Perinatal and Postpartum Depression: How to Get Help

“I just didn’t know how to articulate what was wrong…I was a new mother, I was scared, and I didn’t know what to do.”

By Meagan Howell

I used to be a social worker at a community health center where many of the patients were poor and uninsured. The very best part of my job was providing advocacy and counseling to pregnant women and their families. After seeing far too many women struggling with stress, isolation, and depression during and after their pregnancies, I organized a series of support groups. Many of the women who attended were new to this country, without family or friends; making the transition into parenthood alone was incredibly stressful for them. During its first meeting, the Spanish-speaking group participants cried their way through an entire box of tissues. It was a seriously cathartic flood of tears! I peeked into the room where the mothers and mothers-to-be were finishing up, and saw women who had been strangers to one another an hour earlier smiling, hugging, and sharing phone numbers.SAD_MOM

The challenges of becoming a mother are considerable no matter the circumstances. I knew, because I had recently become one myself. I also knew many of the women in that room were facing difficulties I could only imagine. But the power of solidarity, at least for that hour, helped the hardship melt away.

Not long after that first group session, I met a neighbor named Amy. She was a married mother of two, had a very cool job, and seemed to be part of a close-knit network of friends and family. We got to talking one day about my fledgling support group, and she volunteered that she had gone through severe postpartum depression herself. Huh? I was shocked. She always seemed relaxed, grounded, and possessed of a strong sense of humor and perspective. It was hard to imagine her depressed. I had been so focused on the immigrant women at my clinic. They were different from me, which kept the reality of their struggles at a safe emotional distance. But here was someone I admired, someone with whom I shared friends and neighbors. I began to understand how common perinatal depression is. It can happen to anyone, regardless of where they live or what language they speak. The problem is that we don’t always talk to one another about it.

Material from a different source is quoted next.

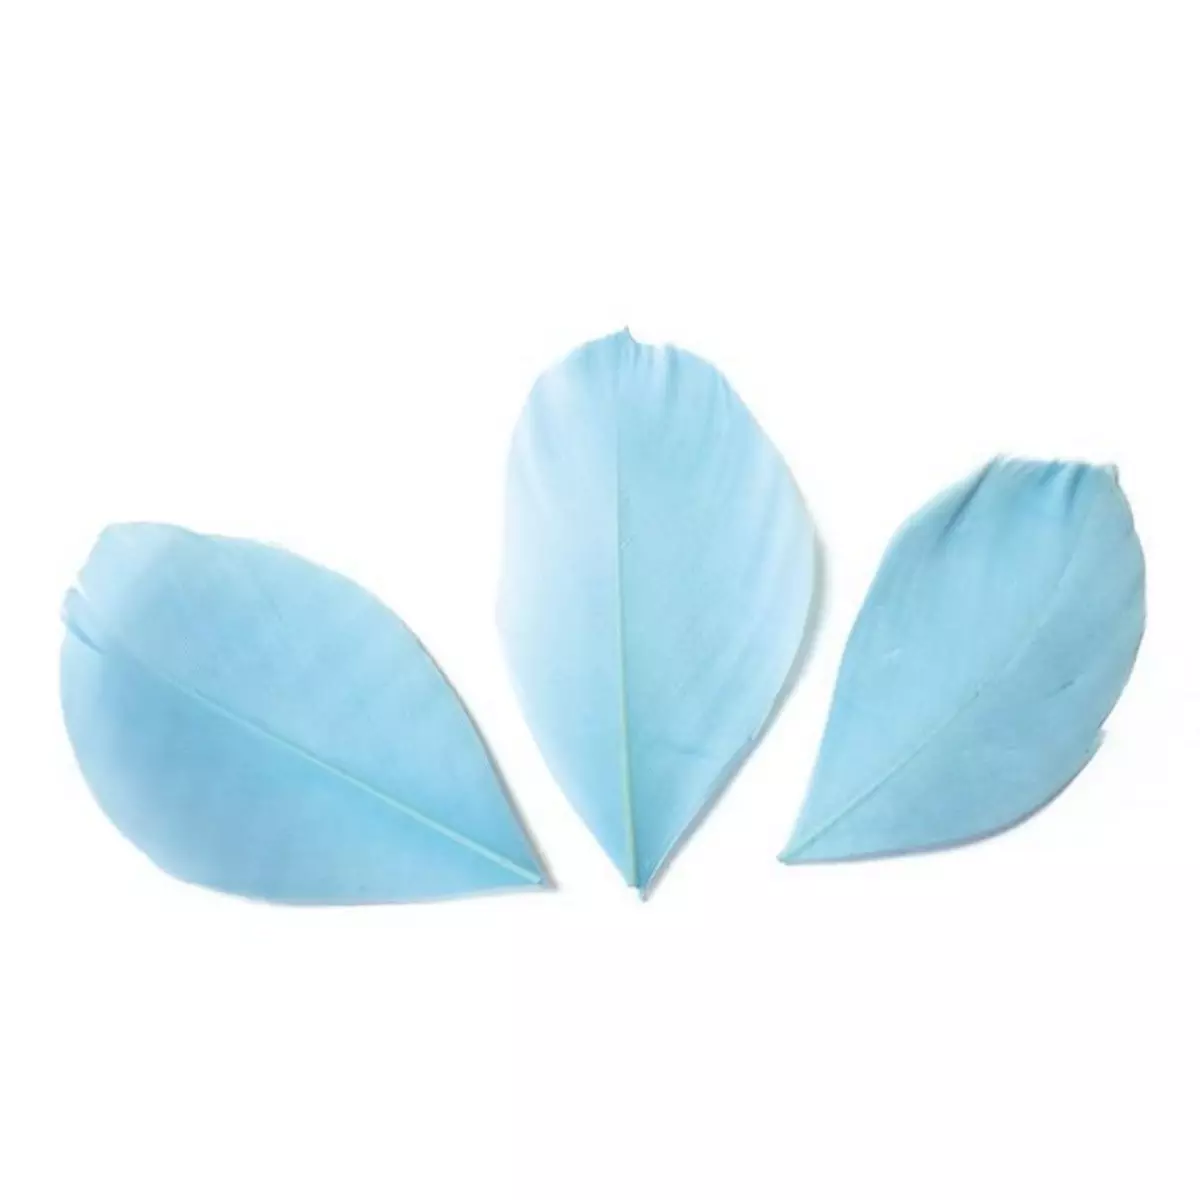 Graine créative 50 plumes coupées - Bleu clair 6 cm
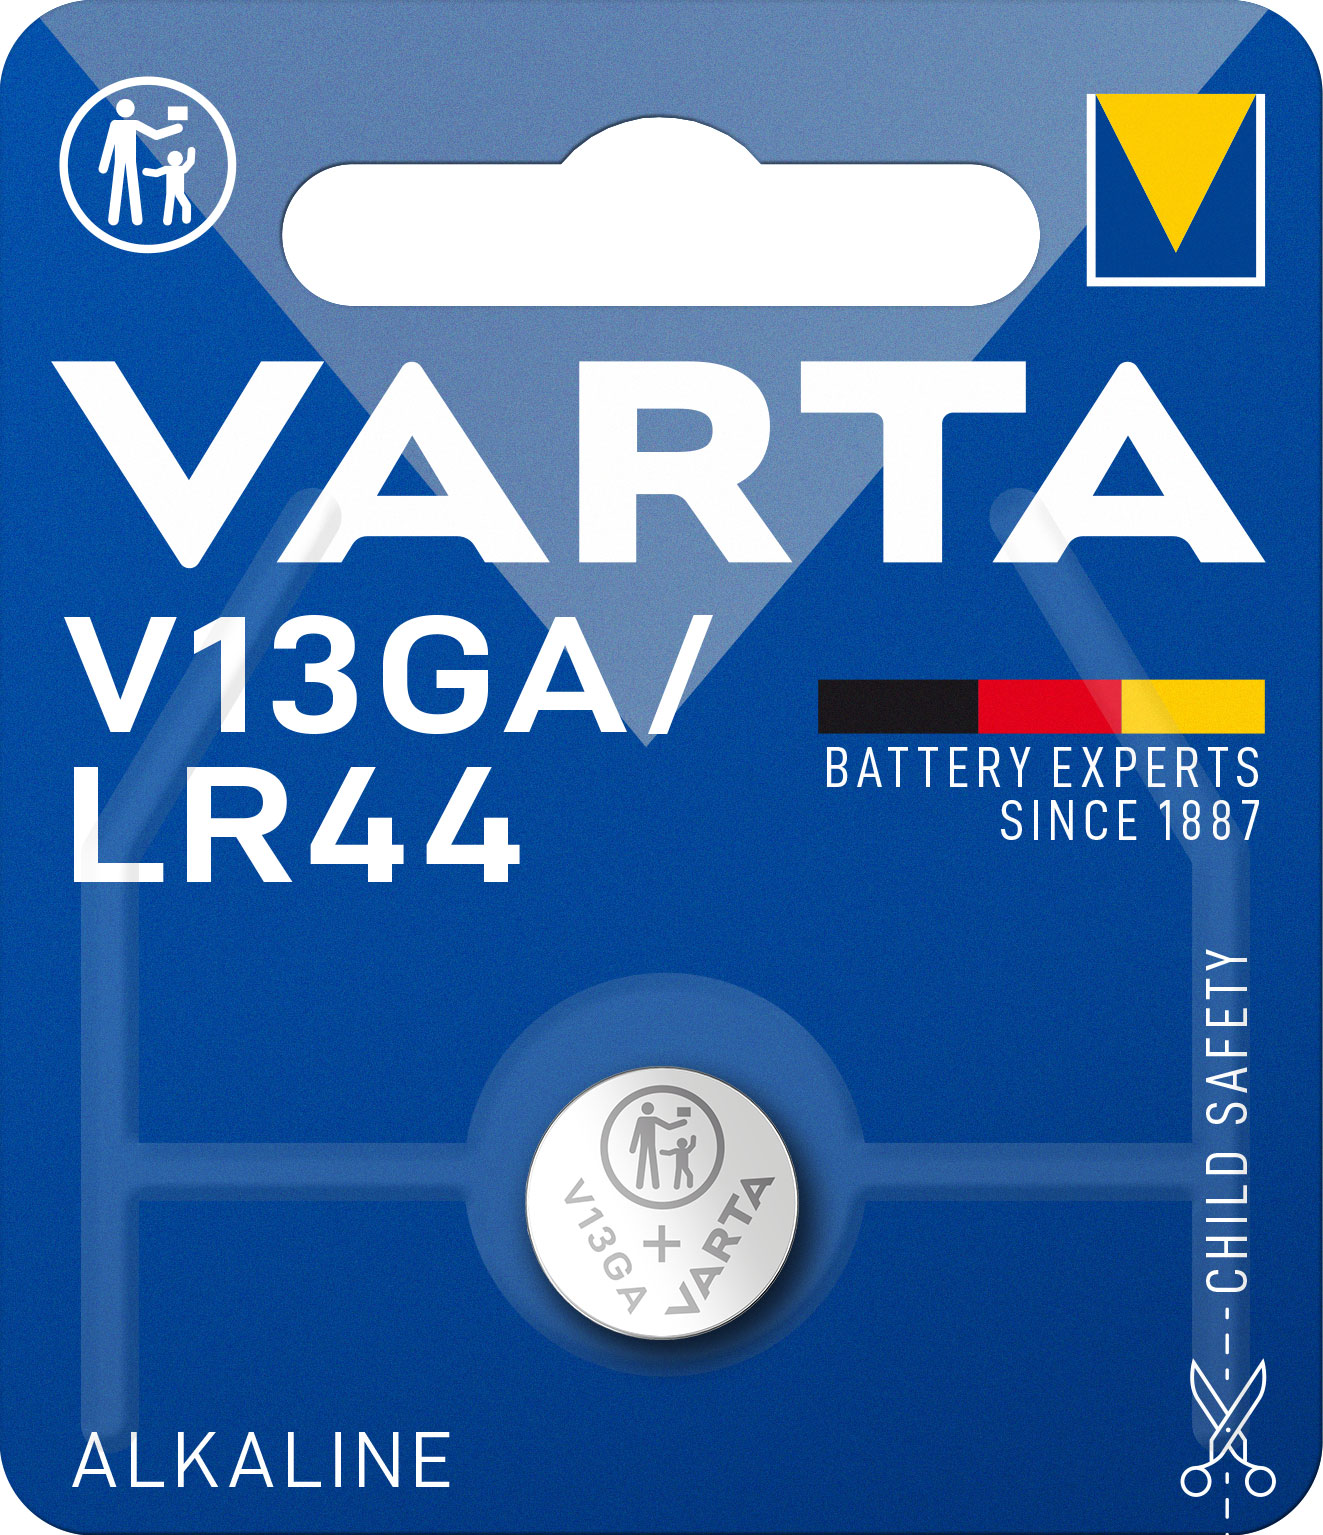 VARTA ALKALINE V13GA, LR44 (SPECIAL BATTERY, 1,5V) PACK OF 1

Amy’s first baby was born small, and spent his early days suffering a series of related minor problems in the NICU. One day, as Amy was standing beside his bassinet, a nurse turned to her and casually commented, “Full term, and he only weighed 5 lb 12 oz…? Did you smoke?” She hadn’t, but the idea that her baby’s medical problems were somehow her fault stuck. Suddenly, she felt guilty and scared. When it was time to take the baby home, Amy was still terrified, afraid that something would happen to him and she wouldn’t be able to help. The worry and fear were relentless. “I felt like there was a tornado going on all the time inside me. If I could only have unzipped, to step out and give myself a breather! I just didn’t know how to articulate what was wrong…I was a new mother, I was scared, and I didn’t know what to do.”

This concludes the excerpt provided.